● **ABOUT THIS EXERCISE**:
Restate each line of the listing exactly, without carrying over any pictures.

[DATASET CONTENT]

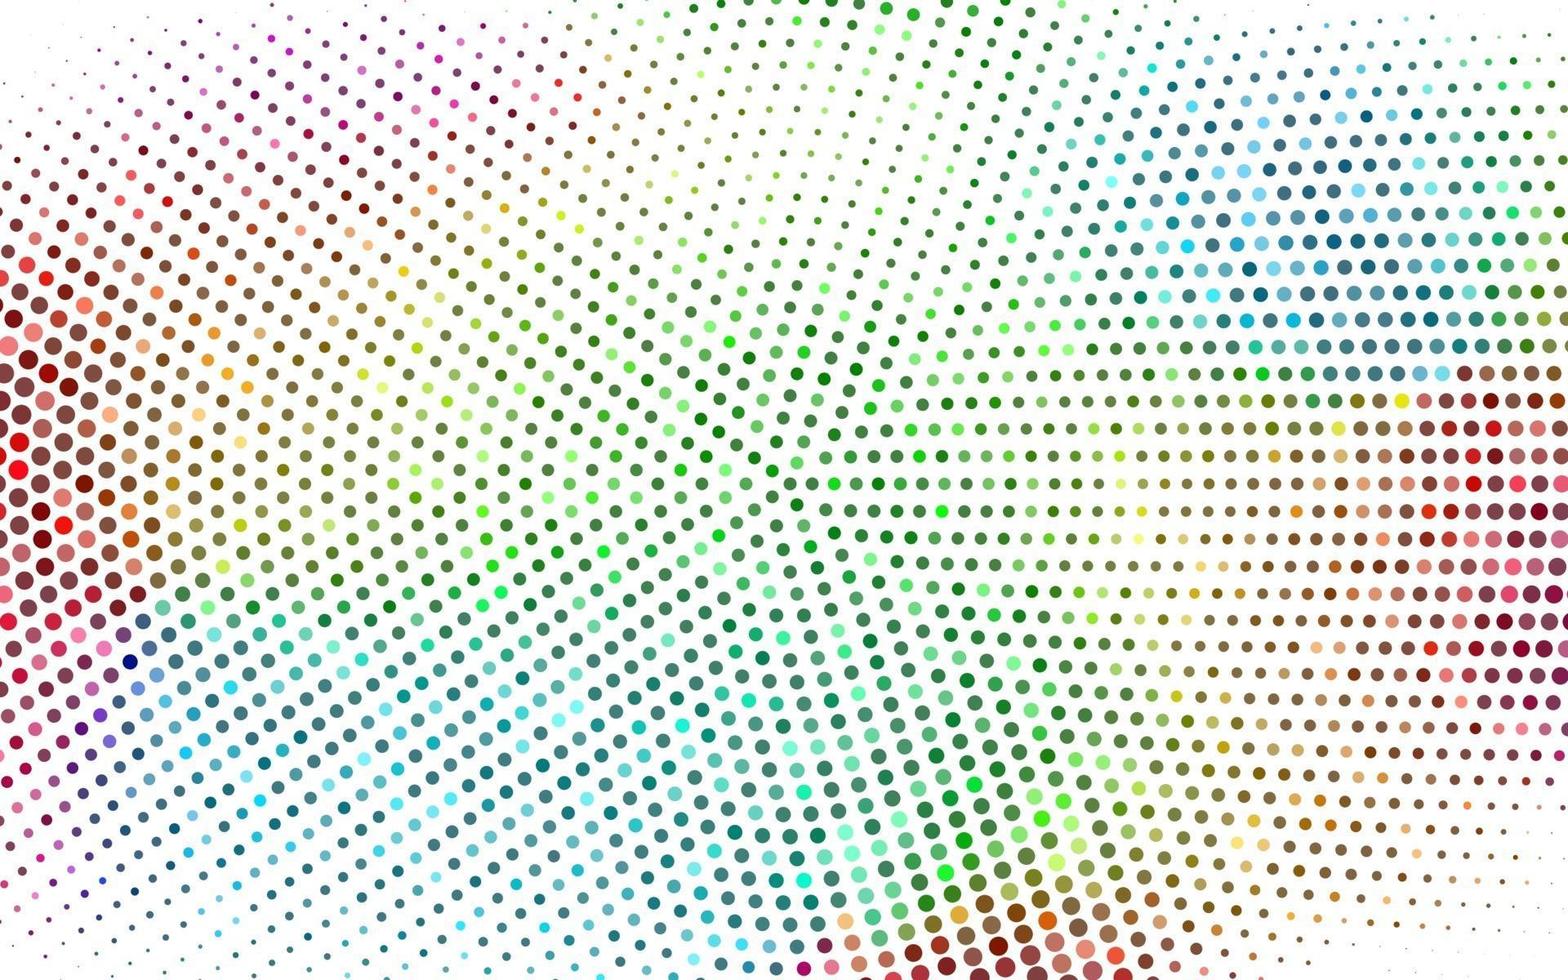 stile mezzitoni cerchio multicolore. trama astratta, glitter isolato su sfondo bianco. illustrazione vettoriale
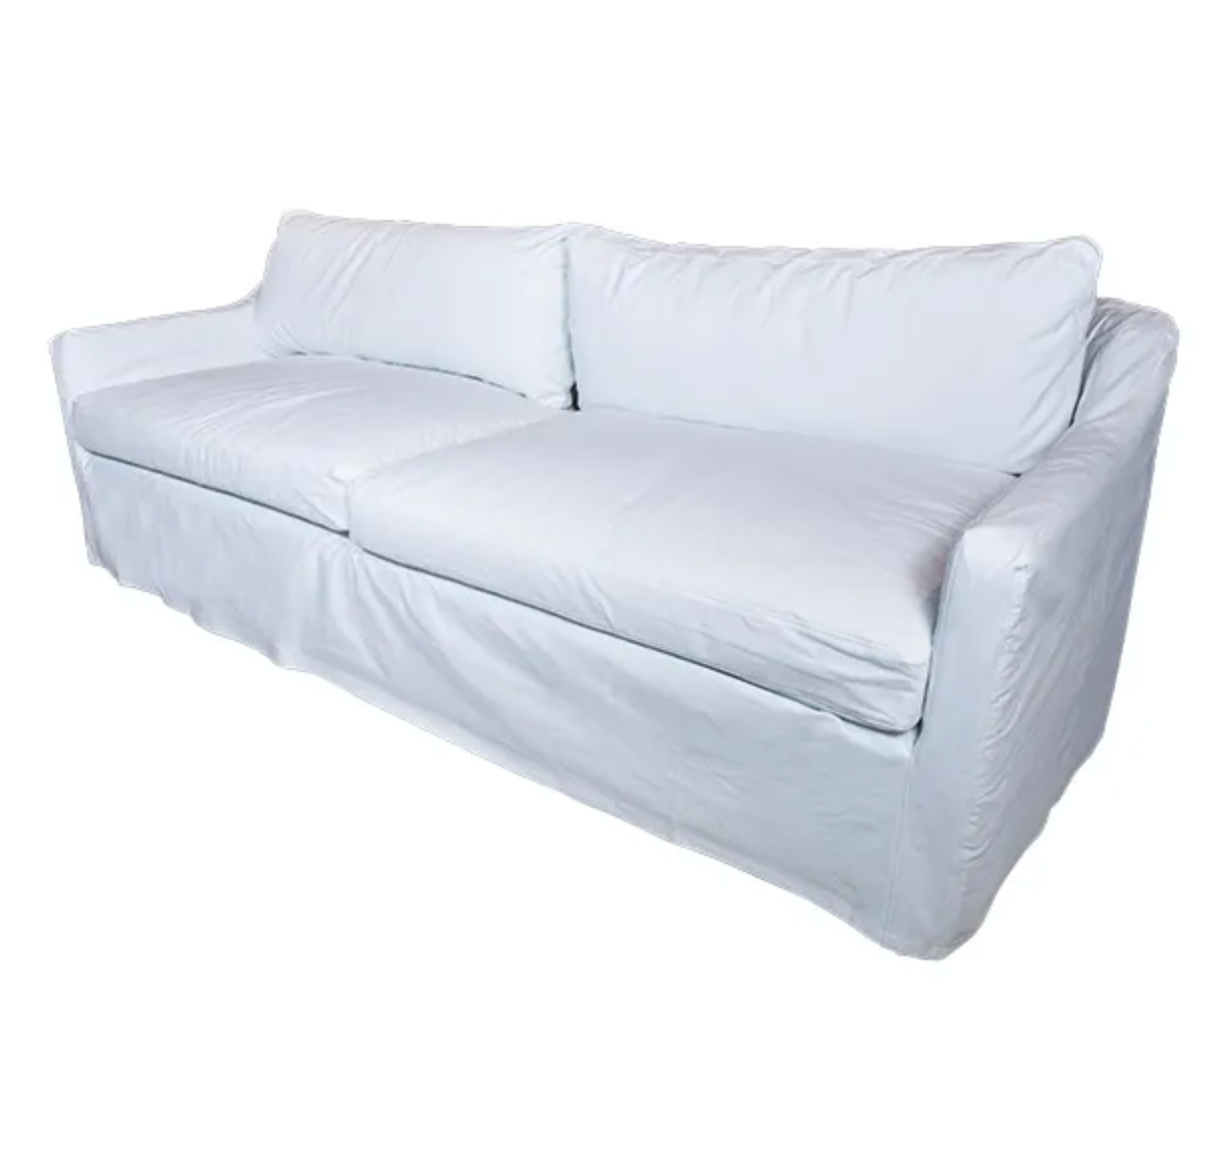 White Cotton Slipcovered Sofa
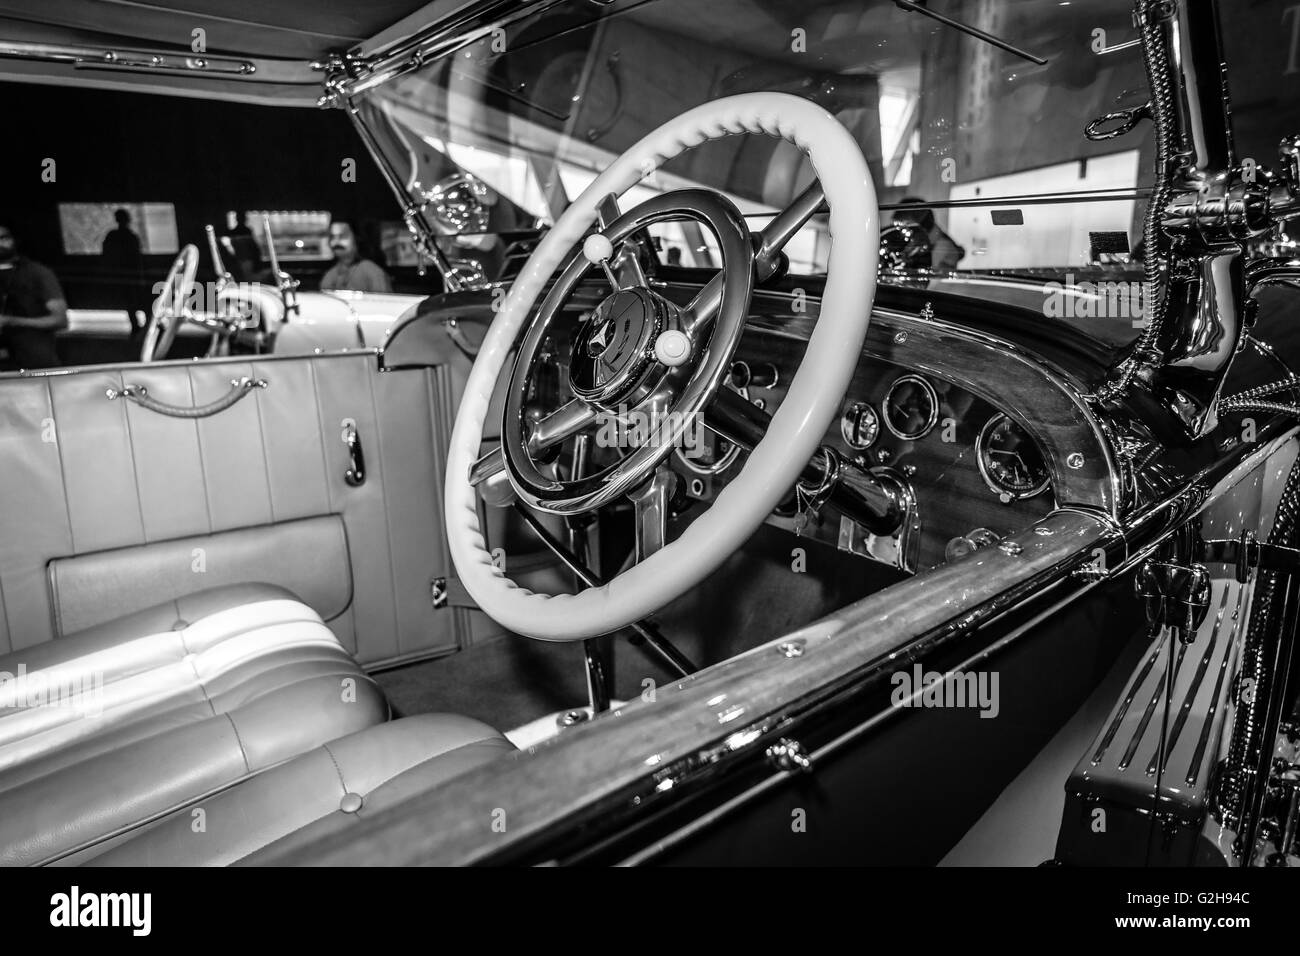 STUTTGART, Germania- 19 marzo 2016: cabina di auto di lusso Mercedes-Benz Typ SS (Super Sport), 1930. In bianco e nero. Mercedes-Benz Foto Stock

[/DATASET CONTENT]

● **TASK SOLUTION**:
 stile mezzitoni cerchio multicolore. trama astratta, glitter isolato su sfondo bianco. illustrazione vettoriale
 White Cotton Slipcovered Sofa
 STUTTGART, Germania- 19 marzo 2016: cabina di auto di lusso Mercedes-Benz Typ SS (Super Sport), 1930. In bianco e nero. Mercedes-Benz Foto Stock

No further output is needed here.